*** Begin section ***

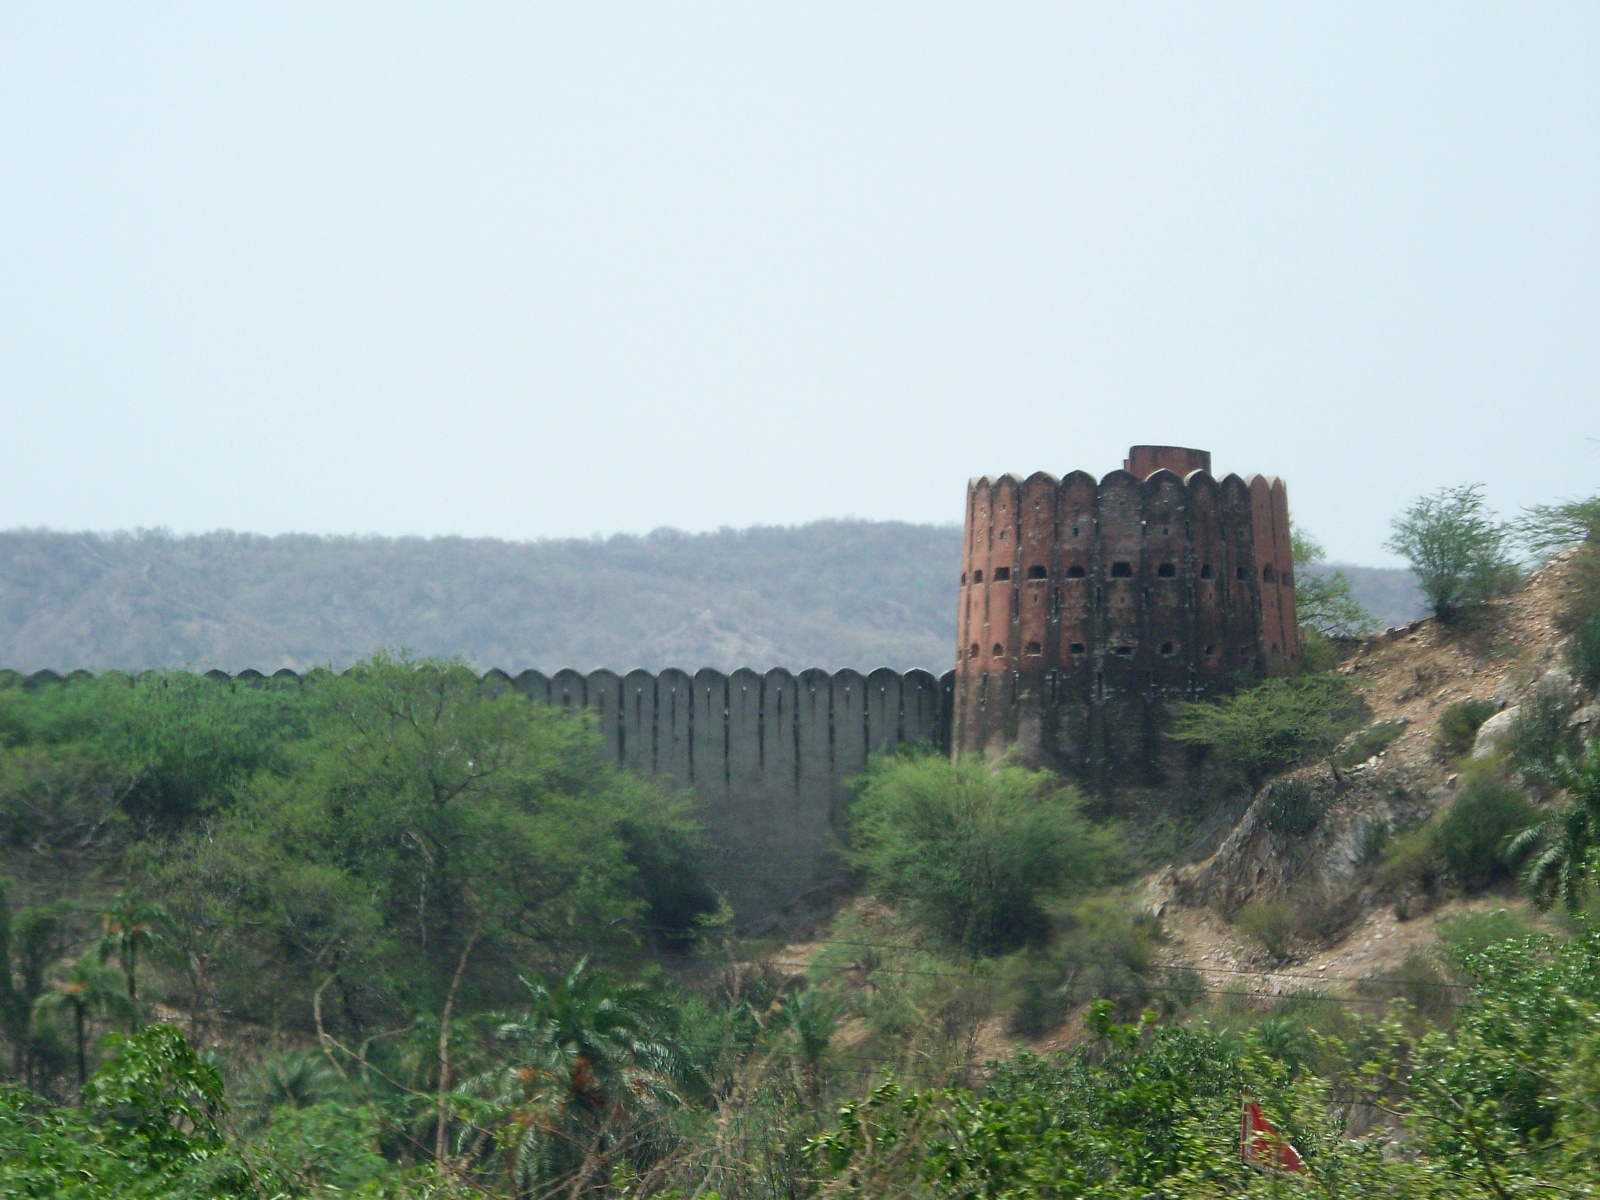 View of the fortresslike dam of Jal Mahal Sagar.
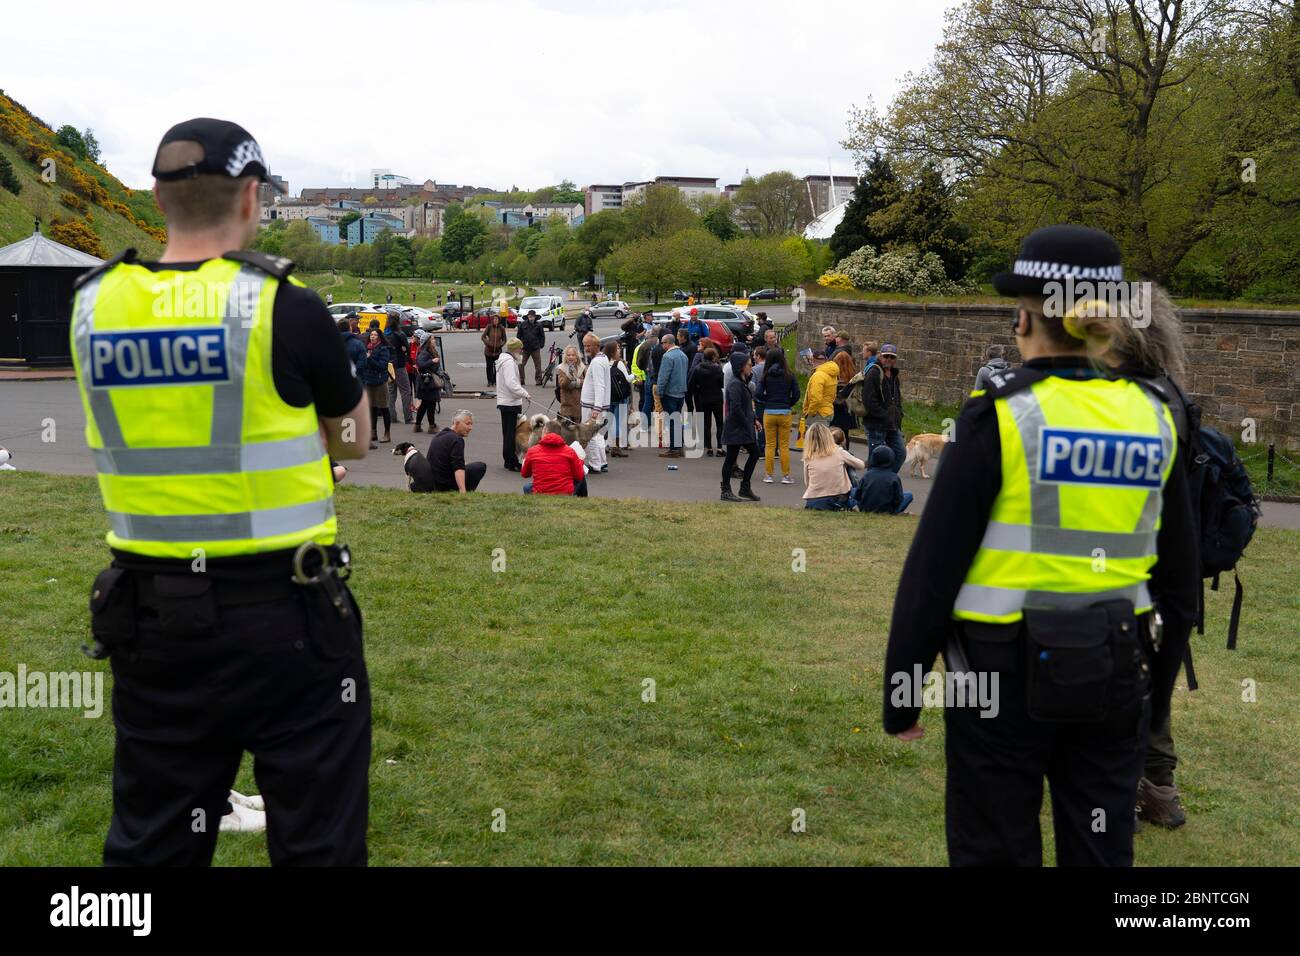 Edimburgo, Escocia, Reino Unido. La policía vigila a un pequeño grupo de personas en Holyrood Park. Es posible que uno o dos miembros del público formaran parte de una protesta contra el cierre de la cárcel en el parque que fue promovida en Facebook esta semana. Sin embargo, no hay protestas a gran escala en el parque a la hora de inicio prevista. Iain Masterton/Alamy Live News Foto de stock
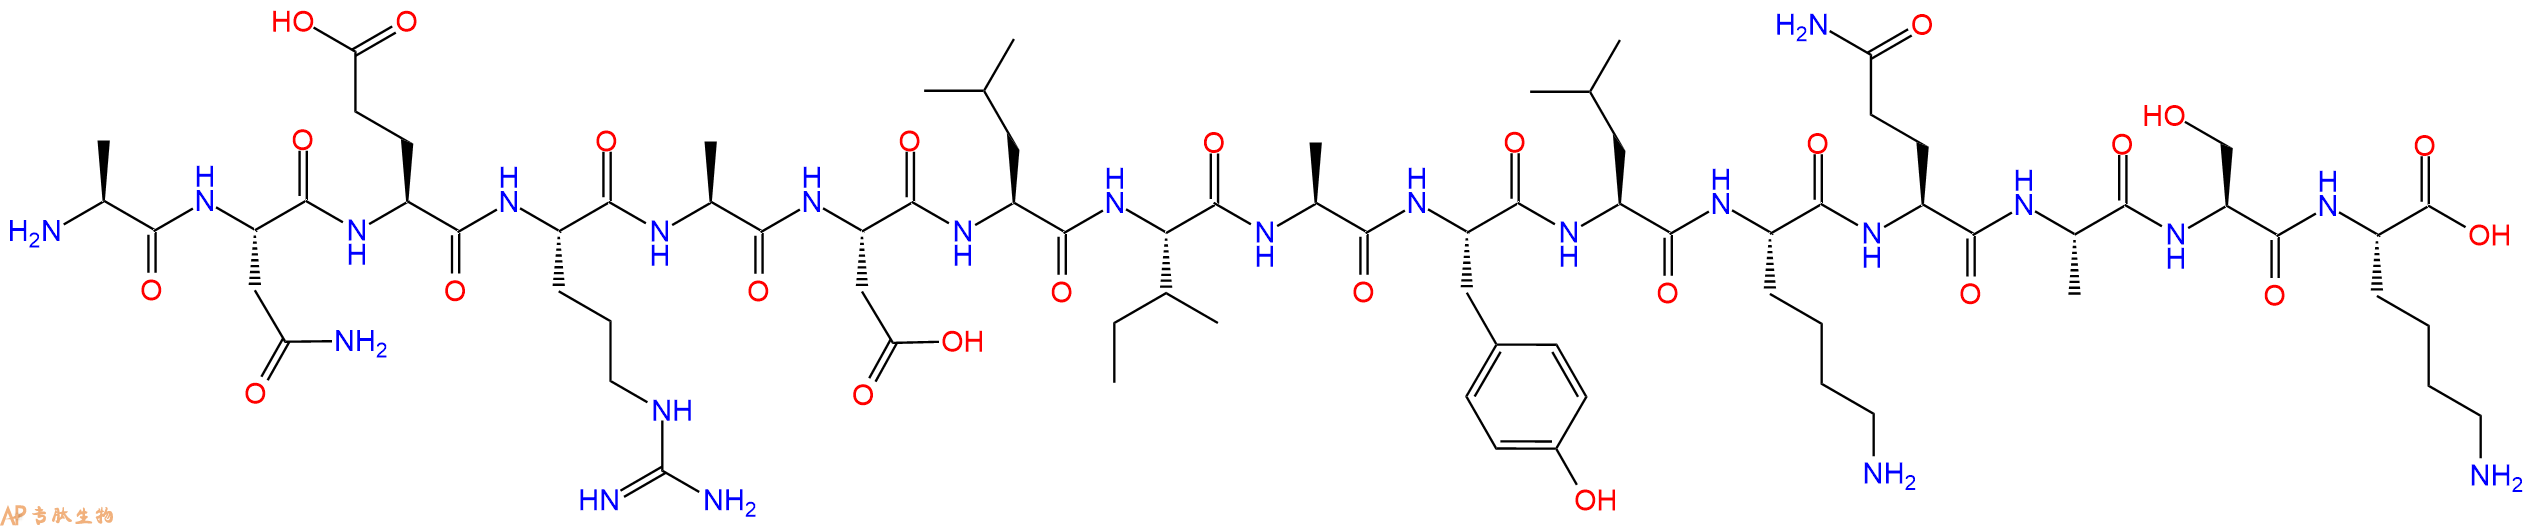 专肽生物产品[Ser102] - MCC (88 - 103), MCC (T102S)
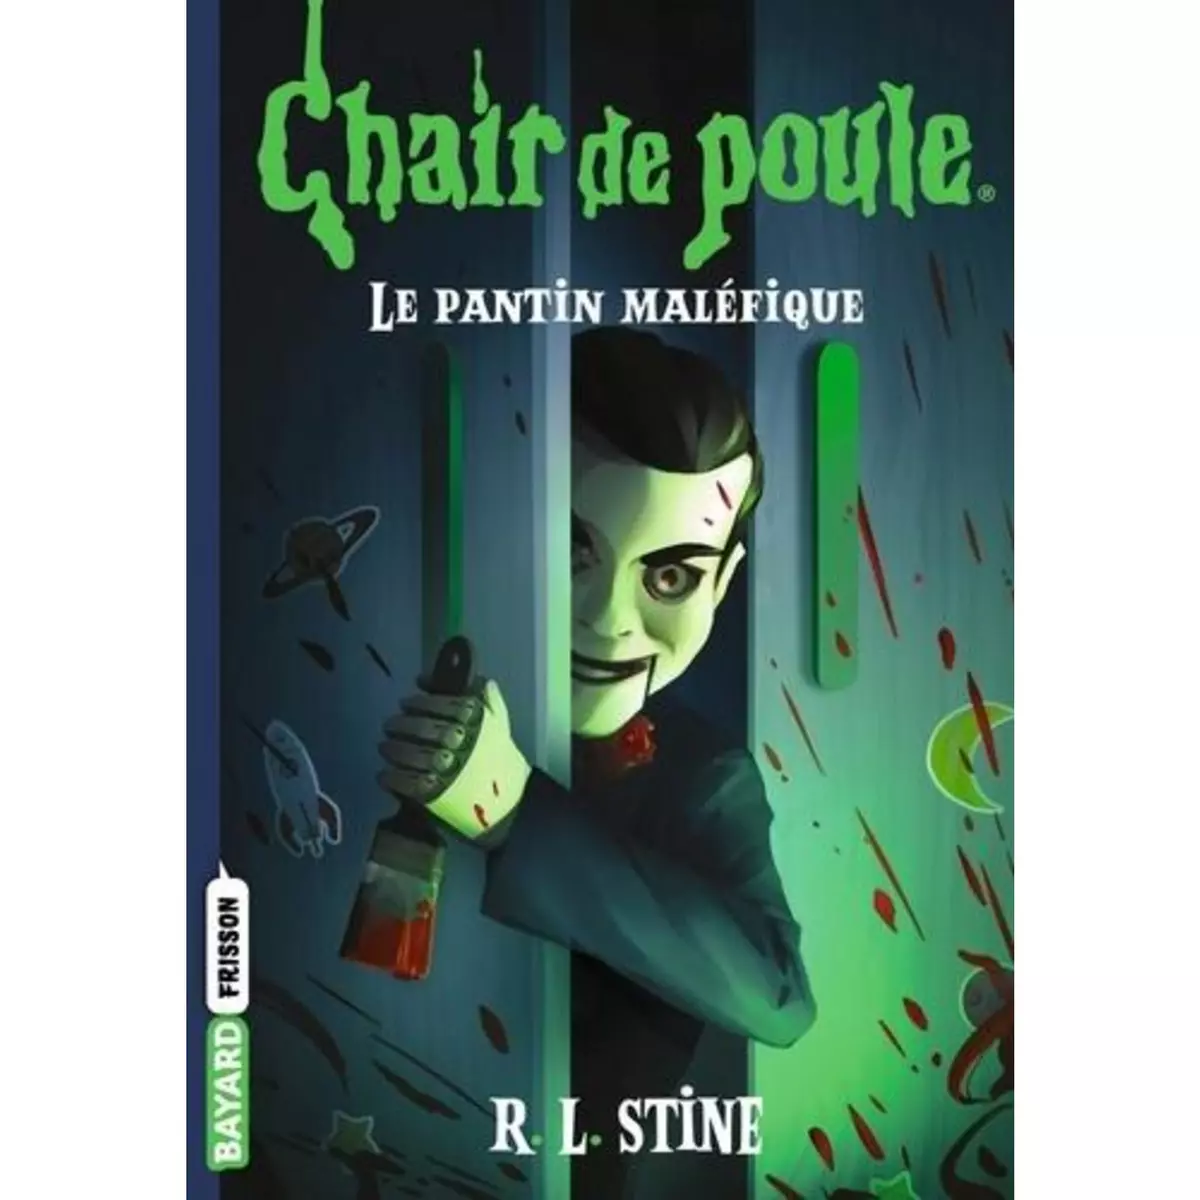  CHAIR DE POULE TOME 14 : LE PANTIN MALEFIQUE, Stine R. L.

*** End section ***

◆ YOUR ASSIGNMENT
Could you retype exactly the lines running from the one with "Edimburgo, Escocia, Reino" to the end of the material above, pictures omitted?

◆ EXERCISE ANSWER
 Edimburgo, Escocia, Reino Unido. La policía vigila a un pequeño grupo de personas en Holyrood Park. Es posible que uno o dos miembros del público formaran parte de una protesta contra el cierre de la cárcel en el parque que fue promovida en Facebook esta semana. Sin embargo, no hay protestas a gran escala en el parque a la hora de inicio prevista. Iain Masterton/Alamy Live News Foto de stock
 专肽生物产品[Ser102] - MCC (88 - 103), MCC (T102S)
  CHAIR DE POULE TOME 14 : LE PANTIN MALEFIQUE, Stine R. L.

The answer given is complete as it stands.